Seis años fingiendo ser un niño normal mientras aprendo a tejer cestas y evito explosiones temporales accidentales, pensé con ironía.

Suena como un plan infalible.

Allá voy, mundo…

prepárate para la decepción.

Fue entonces cuando sentí una intensa vibración.

Provenía del reloj de bolsillo que me había regalado mi tío, el cual colgaba bajo mi camisa.

Lo saqué instintivamente.

Se sentía extrañamente cálido, como si hubiera pasado el día bajo el sol.

Las manecillas, que siempre habían sido un ejemplo de precisión puntual (gracias a mi diligencia de darle cuerda todas las benditas noches), ahora giraban como locas, en un borrón dorado que desafiaba la física y la realidad misma.

El metal quemaba en mi palma.

La vibración se intensificó, un zumbido que resonó en mis huesos, y el mundo a mi alrededor perdió su solidez.

Los colores se desvanecieron, los sonidos se apagaron, todo se fundió en un blanco cegador y opresivo.

Estaba flotando.

De nuevo.

En la nada blanca.

Oh, genial, pensé con fastidio.

¿Otra intervención divina no solicitada?

¿Eos necesita más galletas?

Pero la figura que se materializó frente a mí no era aquella diosa juguetona.

Era, más bien, inesperadamente extraña.

Parecía un conejo.

Alto, delgado, vestido con un traje de arlequín de rombos rosas y negros que chocaba violentamente con el pelaje circundante.

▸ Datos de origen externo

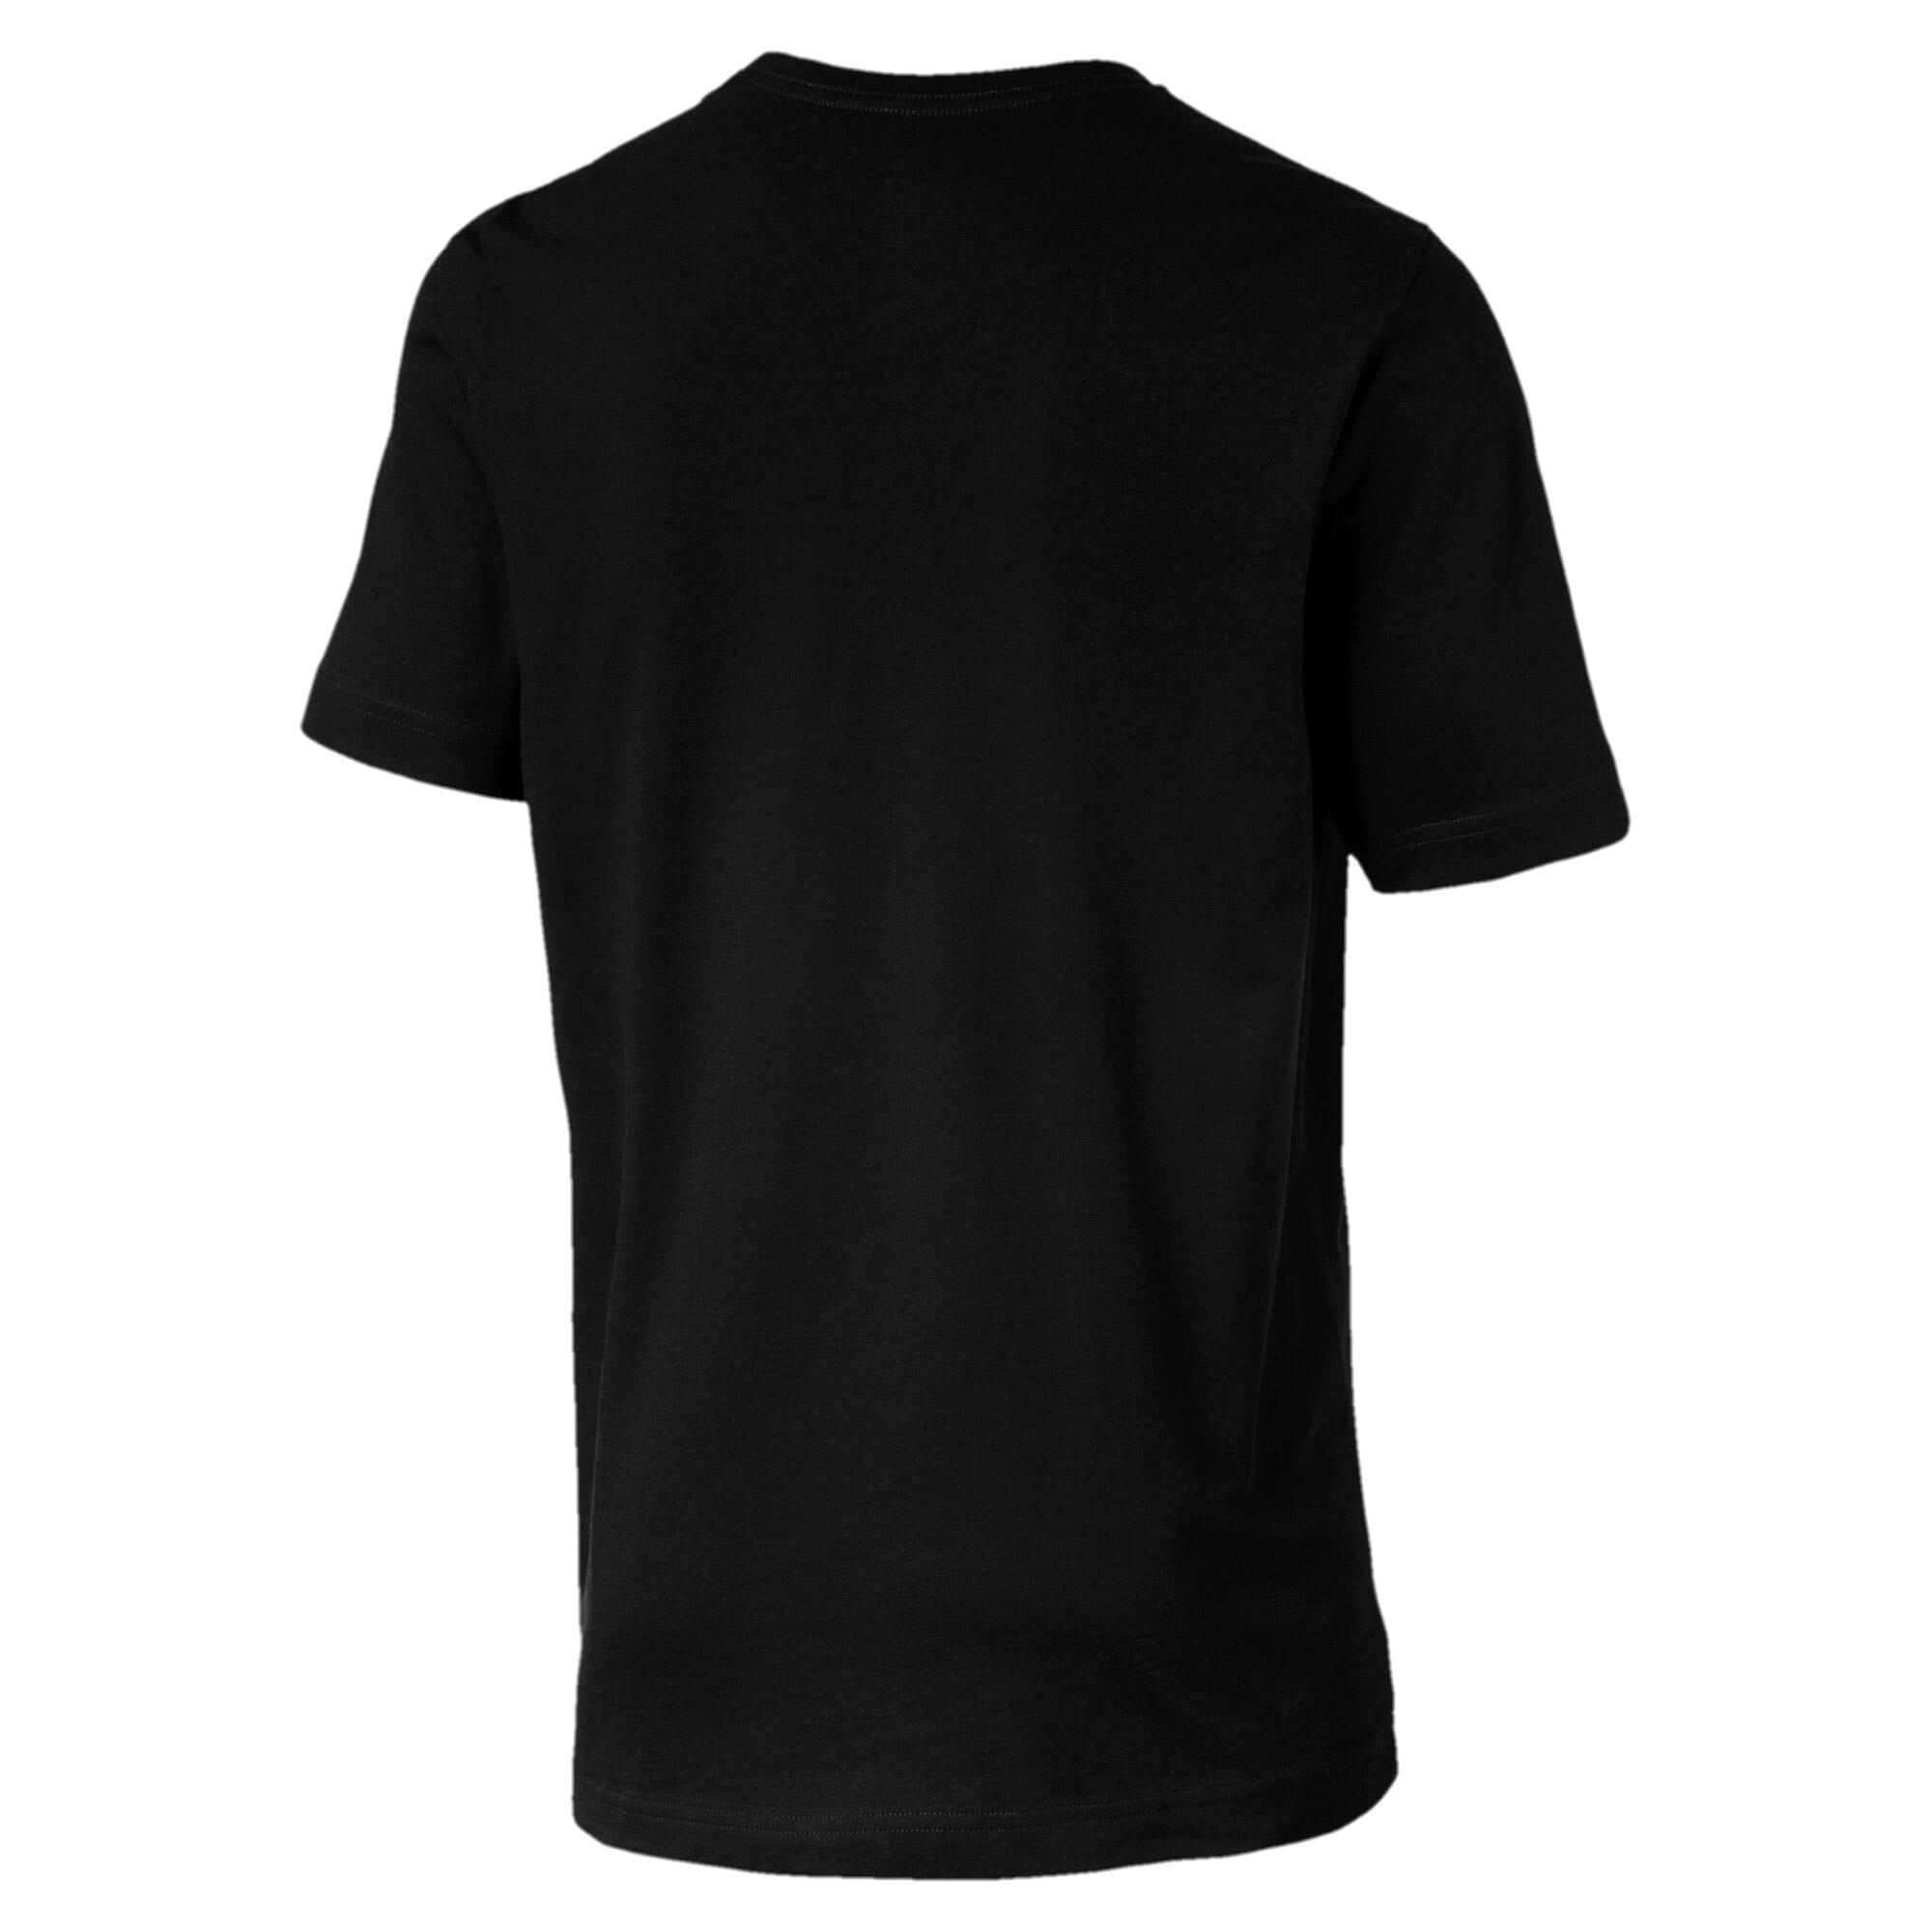 Thumbnail 2 of T-shirt a maniche corte Essentials uomo, Cotton Black, medium
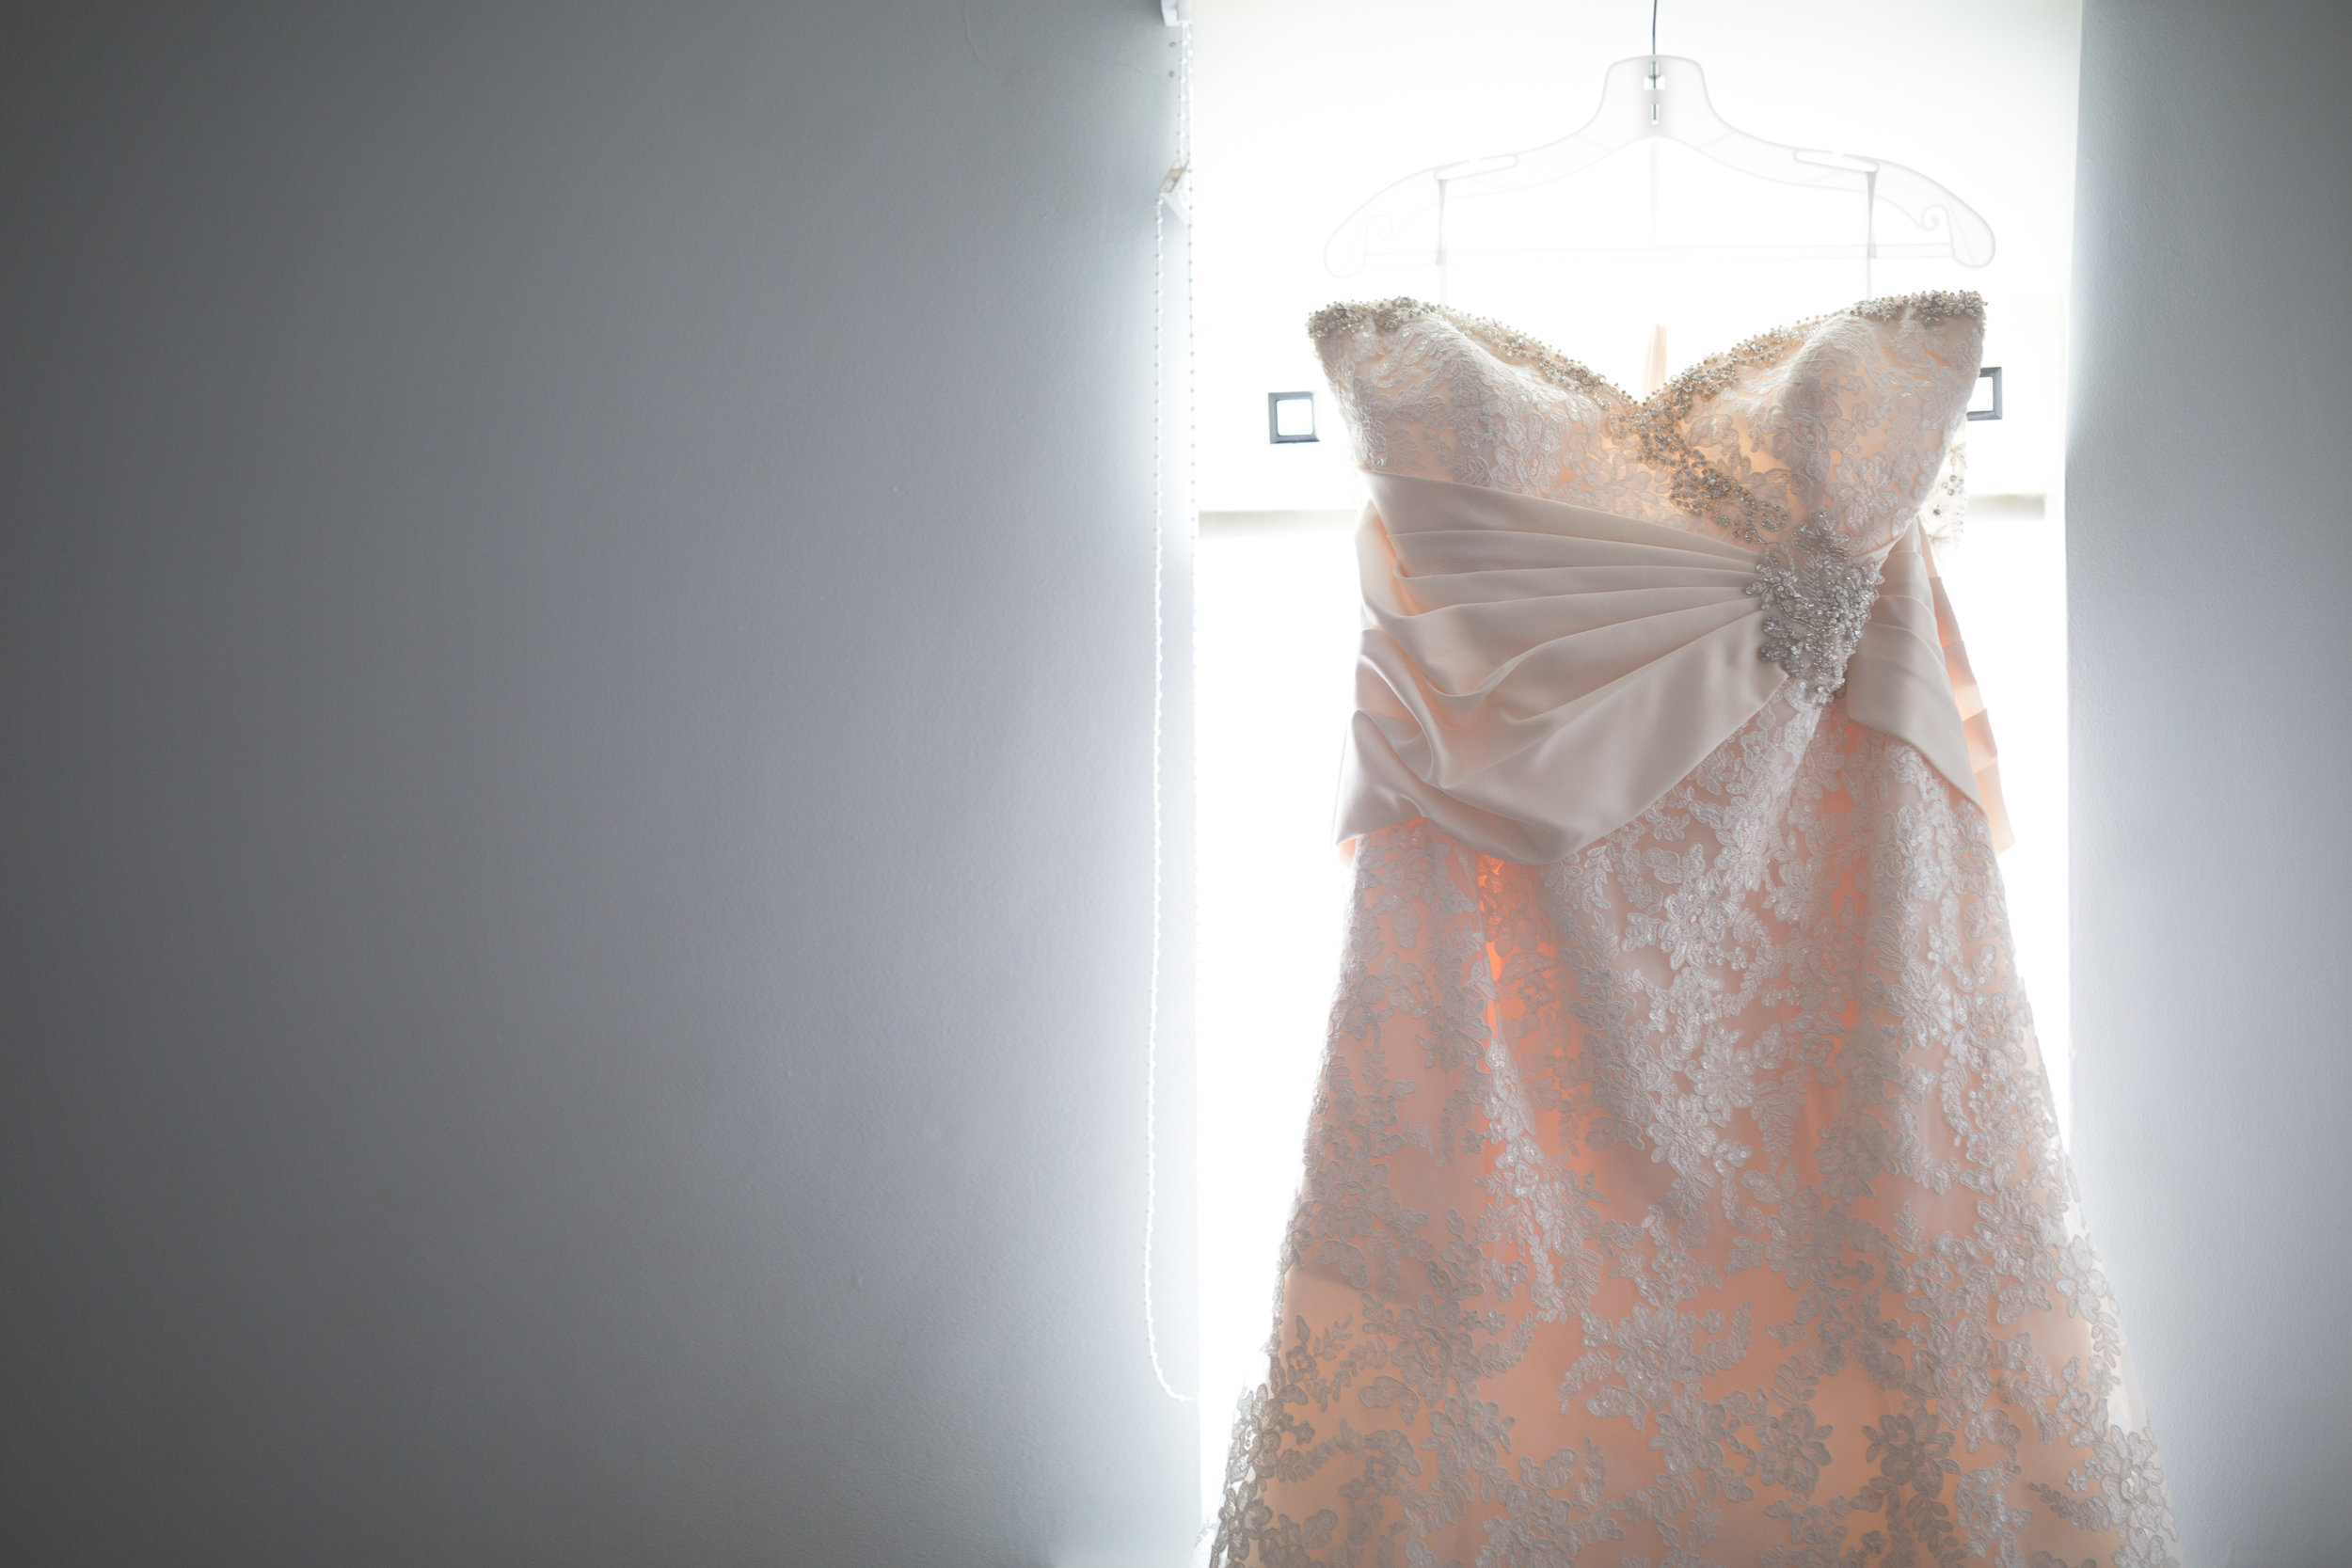 Antoinette & Stephen - Bridal Preparations | Brian McEwan Photography | Wedding Photographer Northern Ireland 6.jpg

Llevaba gafas diminutas sobre su nariz rosada y consultaba un reloj de cadena con una expresión de profundo aburrimiento.

“Vaya, por fin”, dijo el conejo, su voz era un siseo sarcástico, con un aire de hastío existencial.

“Ya era hora.

Algunos tenemos horarios que cumplir, ¿sabes?

No todos podemos permitirnos el lujo de flotar existencialmente después de una fiesta de cumpleaños.” Me miró de arriba abajo con sus ojos rosados y astutos.

“Tú debes ser el ‘Legado Anómalo’.

Francamente, esperaba algo más…

imponente.

O al menos, menos cubierto de migas de galleta.” Parpadeé.

“¿Un conejo arlequín parlante y sarcástico?” “Observador”, replicó el conejo con un suspiro exagerado.

“Sí, sí, conejo, arlequín, parlante, irresistiblemente sarcástico y actualmente muy retrasado en mi agenda gracias a la tardanza de alguien, quien prefiero no nombrar, pero se tardó una eternidad en activar este trasto.” Señaló mi reloj con un gesto de desdén.

“En fin, menos charla, más movimiento.

Hay un universo delante esperándonos y el Gato Sonriente odia esperar.

¡Vamos, vamos!” Se dio la vuelta con una pirueta ridícula y saltó hacia un desgarro en la blancura, un agujero que palpitaba con colores imposibles y olía vagamente a té de manzanilla y confusión.

Miré aquella distorsión especial con leve sospecha, luego la blancura en la que me encontraba, volví a observar mis manos (aún con alguna miga) y sonreí con ironía.

Un conejo rosa de arlequín.

Un Gato Sonriente.

Más locuras cósmicas.

Suspiré, el caos que me persigue había aumentado un nivel.

Supongo que la escuela de oficios deberá esperar.

Prioridades, Lexo.

Y con la resignación de alguien el cuál ya sabía que su vida acababa de dar otro giro hacia lo completamente bizarro, me lancé tras el conejo saltando dentro de ese agujero lisérgico.